Aim of the task: Every line below between the one holding "Madrid after loss" and the one holding "Acne Studios Logo", inclusive, should be copied exactly, and no other line.

Entries supplied: Begin

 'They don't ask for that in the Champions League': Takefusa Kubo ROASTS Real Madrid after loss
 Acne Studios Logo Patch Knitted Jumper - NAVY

Entries supplied: End
Entries supplied: Begin

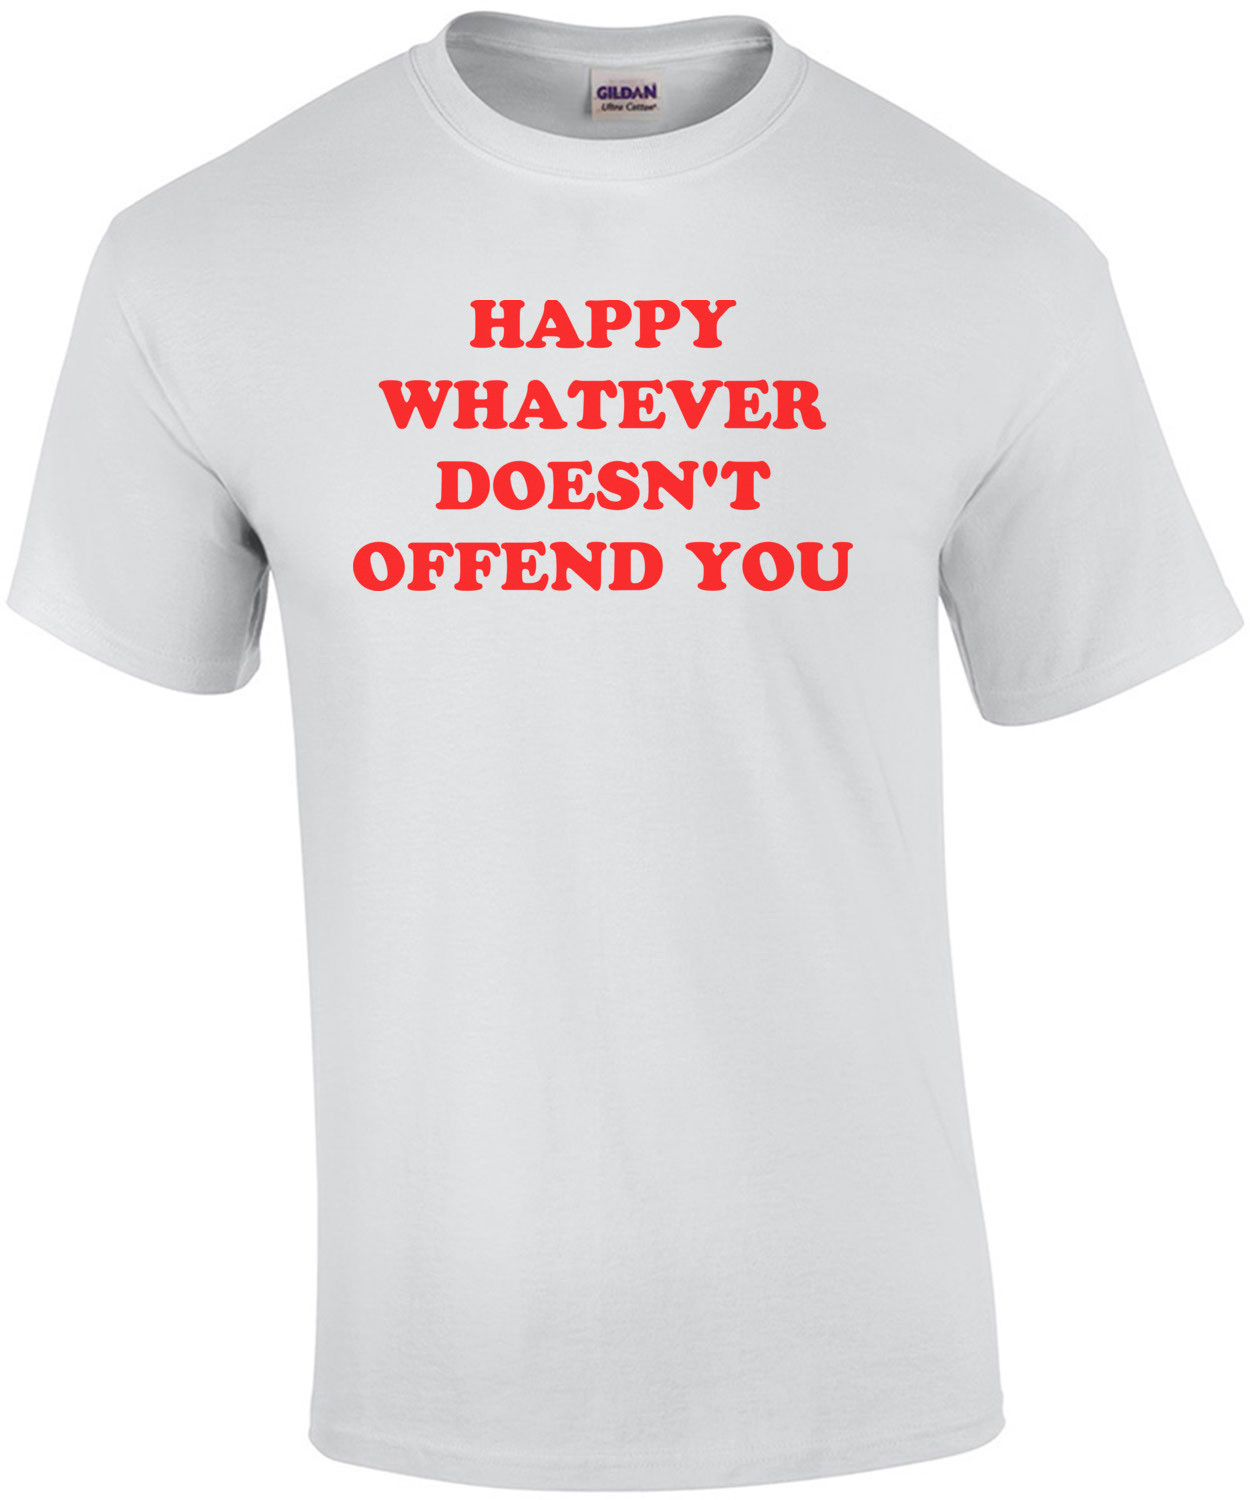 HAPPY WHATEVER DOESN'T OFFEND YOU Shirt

Entries supplied: End

Exercise response:
 'They don't ask for that in the Champions League': Takefusa Kubo ROASTS Real Madrid after loss
 Acne Studios Logo Patch Knitted Jumper - NAVY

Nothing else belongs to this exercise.